The Key Role of Mariners in the Global Economy
The global economy will only operate and run afloat with one of its fundamental pillars: the supply of fuels and goods. So how do these basic supplies get transported for distribution from their manufacturers to the target destinations?
This is where cargo ships or freighters enter the picture. Over 90% of the total fuels and goods of the world are transported across the globe, all made possible by seafarers. These mariners are necessary for the global economy to stand a complete standstill, jeopardizing millions of jobs and businesses worldwide.
It’s why seafarers play a crucial role in maintaining the current way of life in society, with some agreeing that they are among the most under-appreciated workers in the economy.
The Dangers of a Mariner’s Job
Aside from the harsh environment, mariners often deal with some serious dangers. These include extreme weather conditions as well as piracy in several notable areas across the globe.
Most people need this correct misconception about piracy. Some even believe it is a long-forgotten way of life only romanticized by Hollywood movies.

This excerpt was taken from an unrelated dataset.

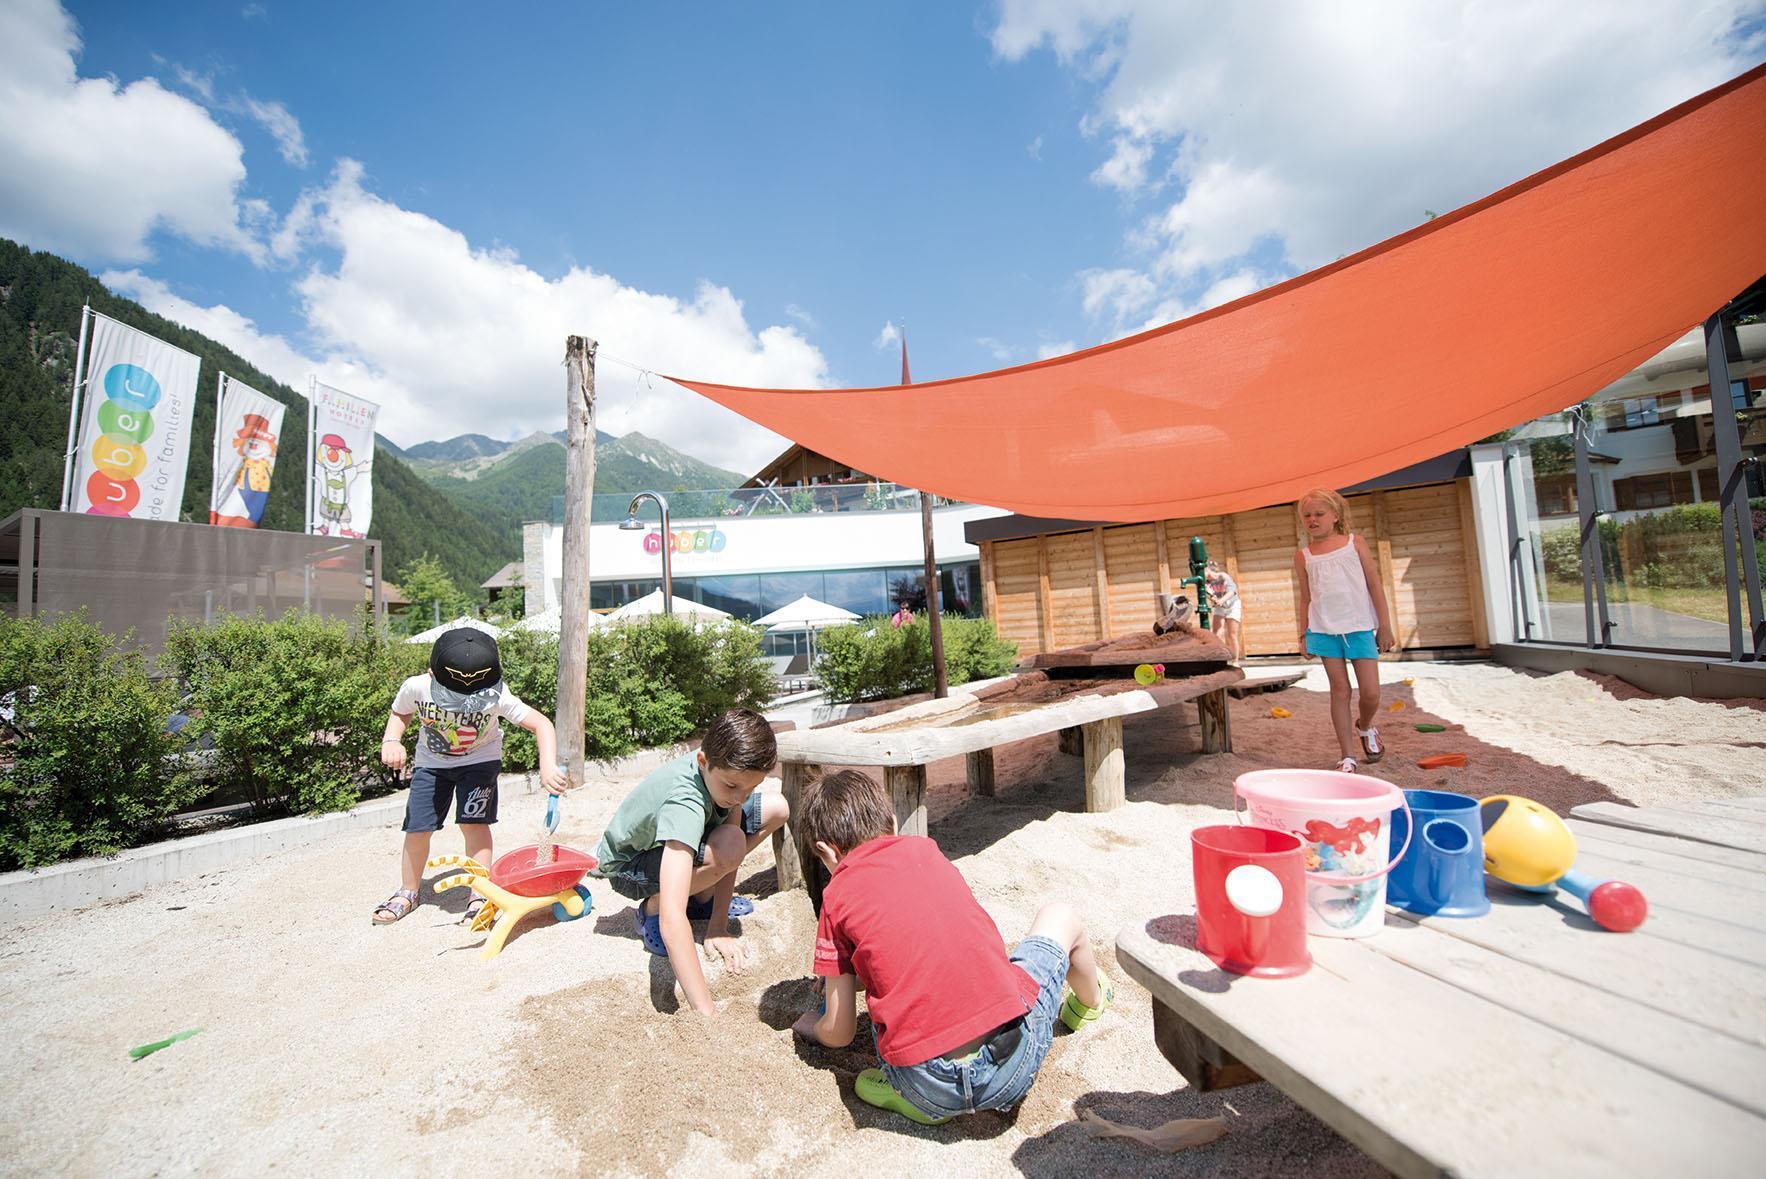 Hotel per bambini con piscina e scivolo ad acqua in alto adige - Hotel con piscina riscaldata per bambini ...

Little did they know that piracy at sea continues to be one of the biggest dangers mariners face at one point or another. The experience is already frightening; some even suffer from mental breakdowns long after the incident.
The job of a mariner is considered one of the most dangerous occupations in the world for a reason, so weighing things before you embark on this career is imperative.
Wrapping It Up
As an aspiring mariner, you probably thought that the basics you should know include your job description or salary. However, more than those superficial details, the real fundamentals of this profession lie under the surface.
While great rewards and benefits await you if you pursue this career, learning the risks and dangers is equally essential to ensure you won’t be disappointed or regretful.